# Transferring BTC from MultiBit Wallet to Coinbase



## suraswami (Mar 8, 2021)

Hello,

Few years ago when I mined using couple of my rigs I accumulated some BTC in MultiBit Wallet.  Didn't bother or not sure how to cash in I left the wallet alone.

Yesterday when I was cleaning up some of the old SSDs, I found the Wallet and was trying to transfer the contents to Coinbase account.

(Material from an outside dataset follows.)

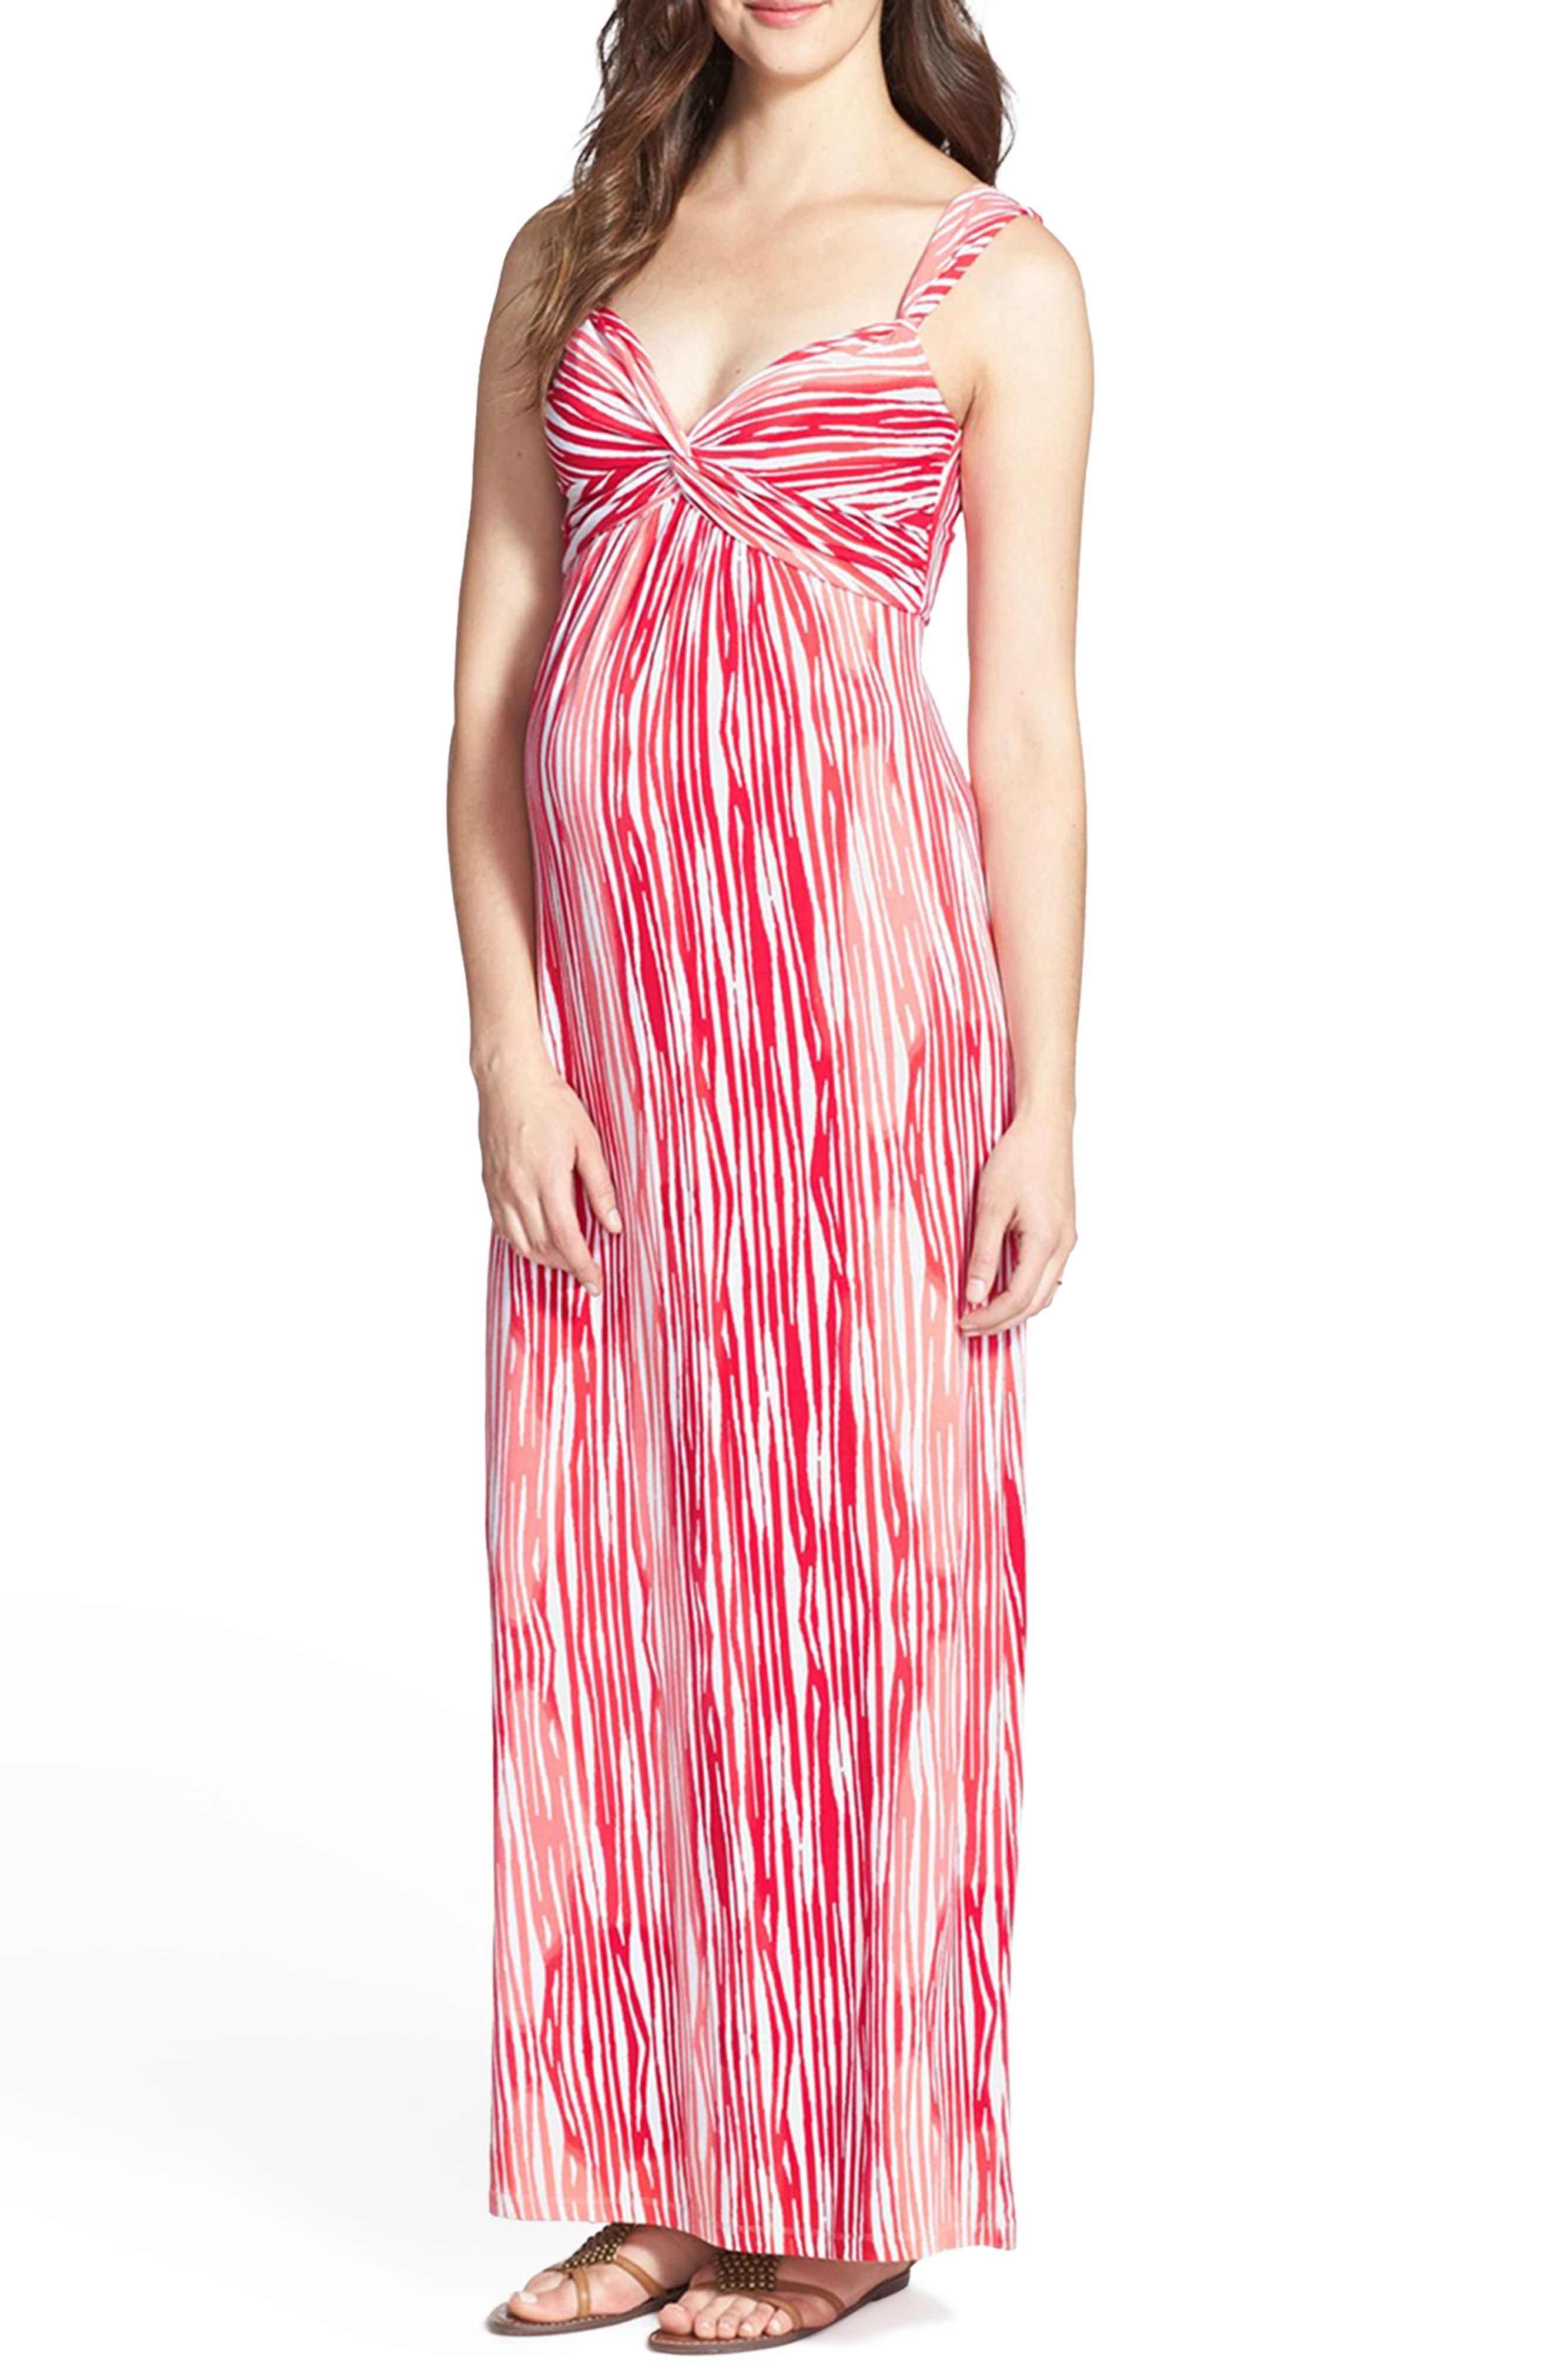 'Callie' Jersey Maxi Maternity Dress,                         Main,                         color, Coral Brush Stripe

When I try to send, MultiBit complains about the Coinbase Address not valid.

Since MultiBit is very old and out of support it probably doesn't conform to new policies or something.

Can someone help with the steps I need to take to get this BTC transferred to Coinbase or other Wallets that are secure and current?

Thanks.


----------



## DeathtoGnomes (Mar 8, 2021)

I'd say contact Coinbase but their customer service is non-existent. I've been trying for months, and assume only Coinbase Pro customers get serviced.

All I can say is check the address, it might have scrolled off the screen.


----------



## Reverb256 (Mar 8, 2021)

There are older and newer types of BTC addresses (newer ones cost less fees to transfer, for example); try sending it to any different wallet (bitpay has a windows app, or there are lots of phone apps) or exchange like Binance or blockchain.com


----------



## suraswami (Mar 8, 2021)

It's the problem with MultiBit, anytime I have an address to send to and hit send, it complains that the address is invalid.


----------



## silentbogo (Mar 8, 2021)

Just sending cash to another wallet won't work. 
Found this article on the net, let's hope it helps:








						How to transfer Bitcoin from a Multibit Classic or Multibit HD wallet into Electrum
					

Multibit was one of the better Bitcoin wallets between 2011-2016. However, in 2019, both Multibit Classic and Multibit HD have been abandoned by its owner Keepkey and are no longer supported. …




					walletrecovery.info


----------



## suraswami (Mar 9, 2021)

I was able to export but no luck importing into Electrum.


----------



## Skywalker12345 (Mar 9, 2021)

do you have the private key/pass phrase? Im not familiar with Multibit but im guessing all you have is a WALLET/DAT file?


----------



## suraswami (Mar 9, 2021)

Skywalker12345 said:


> do you have the private key/pass phrase? Im not familiar with Multibit but im guessing all you have is a WALLET/DAT file?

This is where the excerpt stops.